Let’s talk about some numbers first:
20 years ago (1999) The Institute of Medicine put out a report called “To Err is Human”. It estimated 98,000 people a year die from preventable medical errors.
This costs an estimated $17-29 billion a year.
Where do you think that number is now? More or less? A recent study by Johns Hopkins estimated over 250,000 people a year die because of medical errors. Some other reports estimate at even a higher rate. (It is challenging to get a more accurate number because the CDC relies on death certificates for statistics).
This makes medical errors the third leading cause of death right under heart disease and cancer.
So who is to blame for this?
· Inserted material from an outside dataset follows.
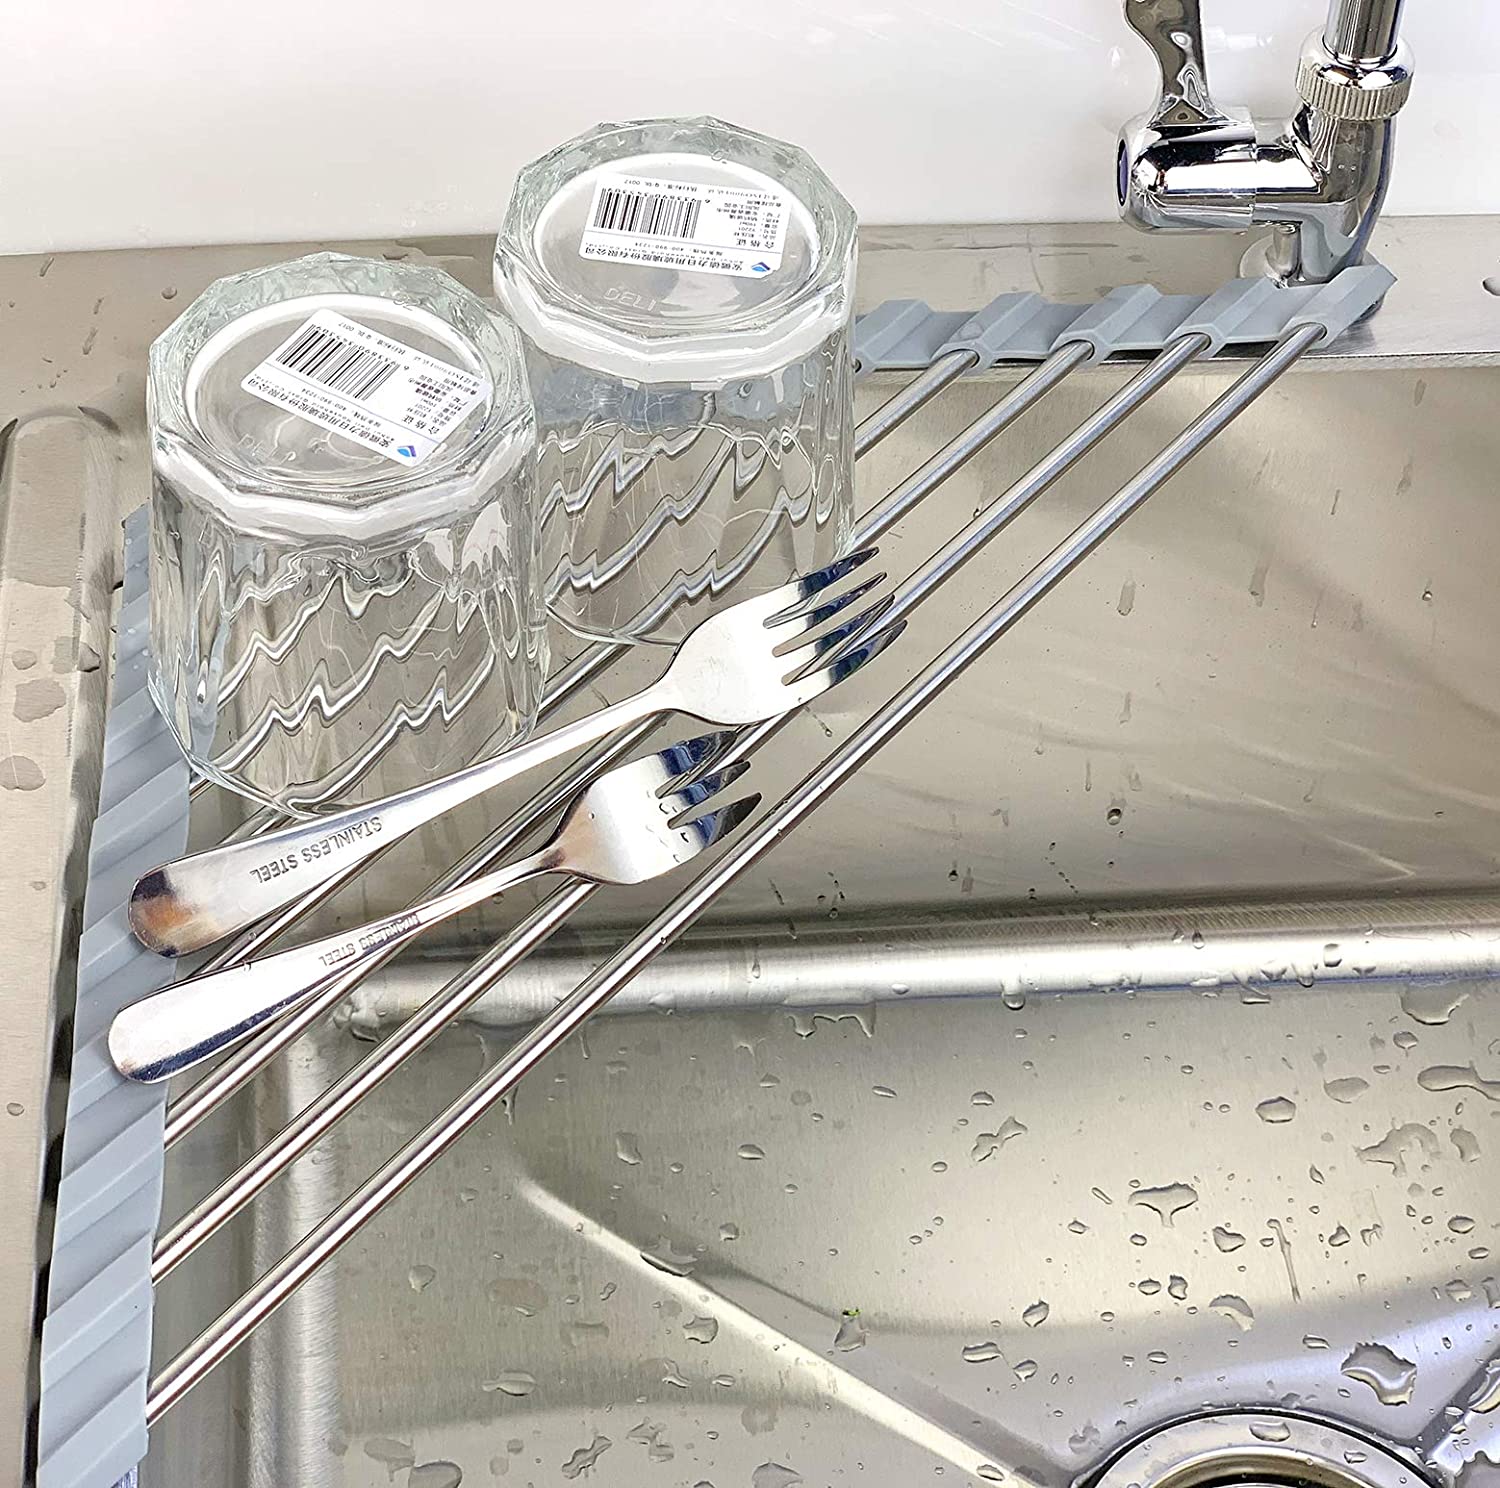 Triangle Dish Drying Rack for Sink Corner - Finding Easy

Doctors? Nurses? The hospitals?According to the study, it is multiple reasons and ultimately a systems failure. Inadequately skilled staff, an error in judgment or care, a system defect or a preventable adverse effect.
Health care workers are dedicated, honest, and caring people. But humans make mistakes. You can be the most caring person in the world and still make a medical error. So what can you do to prevent this?
Error Prevention Tools>>> Some hospitals have implemented similar programs to help prevent as many errors as humanly possible. Let’s go over some of them and what they really mean:
We use the acronym S.A.F.E. S is for Support the Team. A is Ask Questions. F is Focus on the Task, and E. is Effective Communication.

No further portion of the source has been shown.